Jean-Michel Berts
- Birth Year1959
- NationalityFrench
- Website
Biography
Jean-Michel Berts (born 1959) is a French photographer renowned for his atmospheric black-and-white cityscapes. After beginning his career in the 1980s as a still-life photographer for major luxury and cosmetics brands, he developed a personal body of work centered on the visual and cultural character of cities. Using a Rolleiflex and large-format analog techniques, he photographs iconic urban environments—Paris, New York, Venice, Tokyo, Jerusalem—at dawn or late at night, moments when the absence of crowds allows architecture to become the principal subject.
Berts employs a refined technical approach inspired by the Ansel Adams Zone System, with exposures ranging from several seconds to many minutes. By overexposing his negatives and then under‑developing them, he achieves richly dense shadows, luminous highlights, and dramatic tonal contrast. This method produces photographs with a poetic, ethereal, almost timeless quality, elevating familiar cityscapes into meditative studies of form, space, and light. His images emphasize architecture as a reflection of civilization—an enduring record of cultural identity and urban memory.

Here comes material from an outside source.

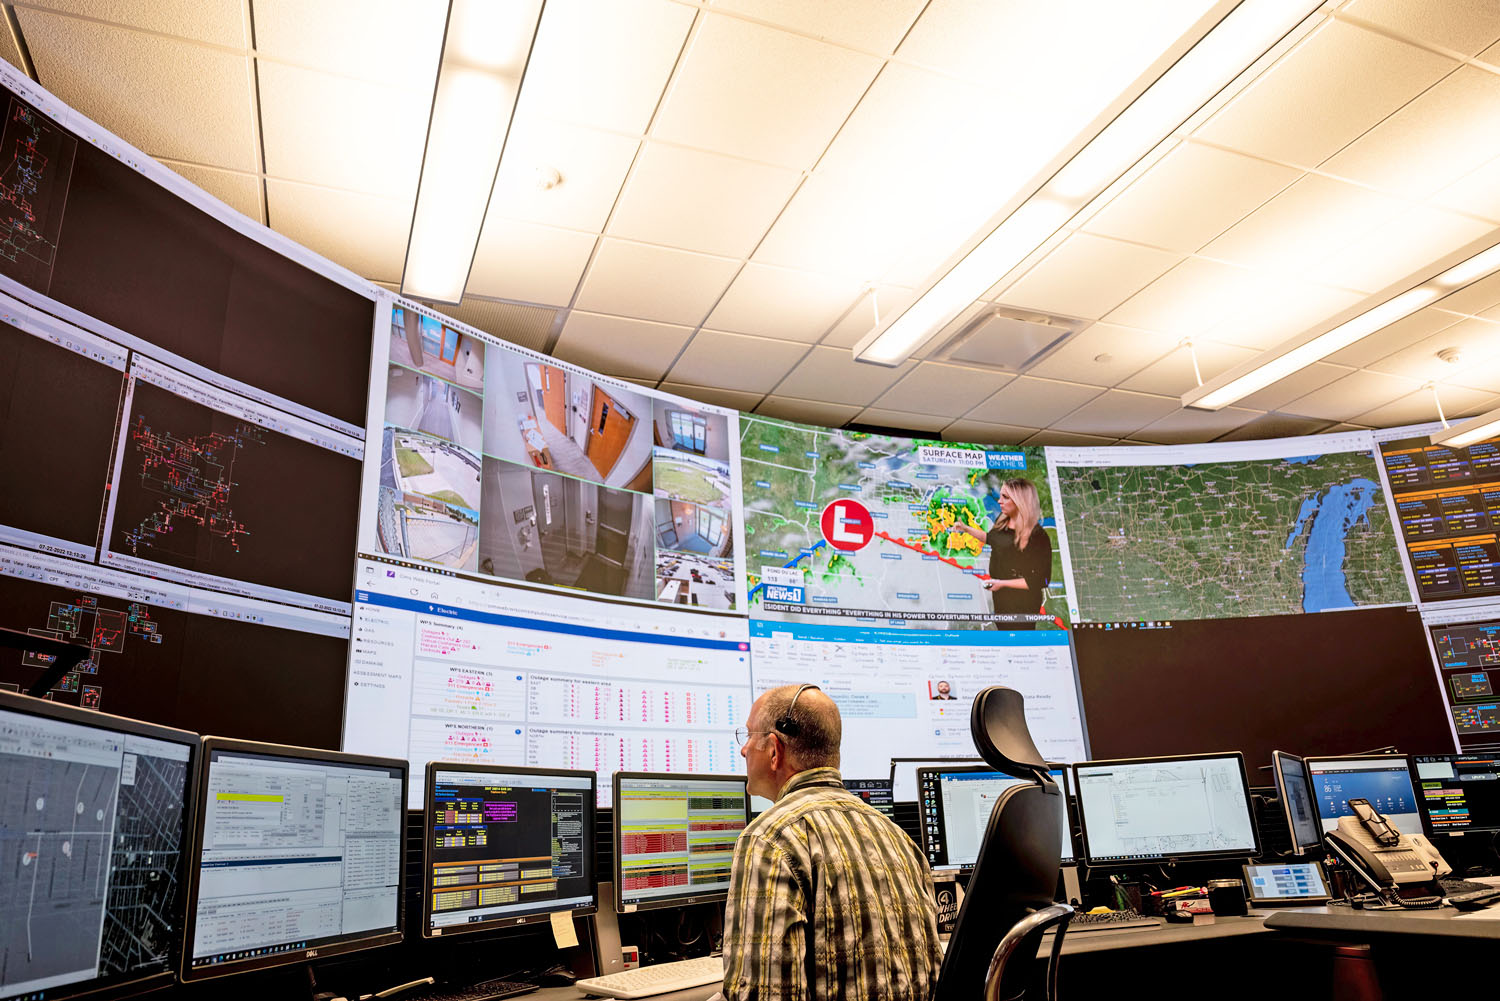 The operators in the Wisconsin Public Services, Electric Operations command center use a videowall to monitor and maintain the state's power grid.

Over the past two decades, Berts has exhibited internationally in Paris, Berlin, Tokyo, London, New York, and beyond. His prints are highly collected, and his monographs have contributed to his reputation as a leading contemporary practitioner of fine‑art architectural photography. Through a blend of technical precision and emotional restraint, Berts continues to create photographs that reimagine the modern city as both physical structure and dreamlike symbol.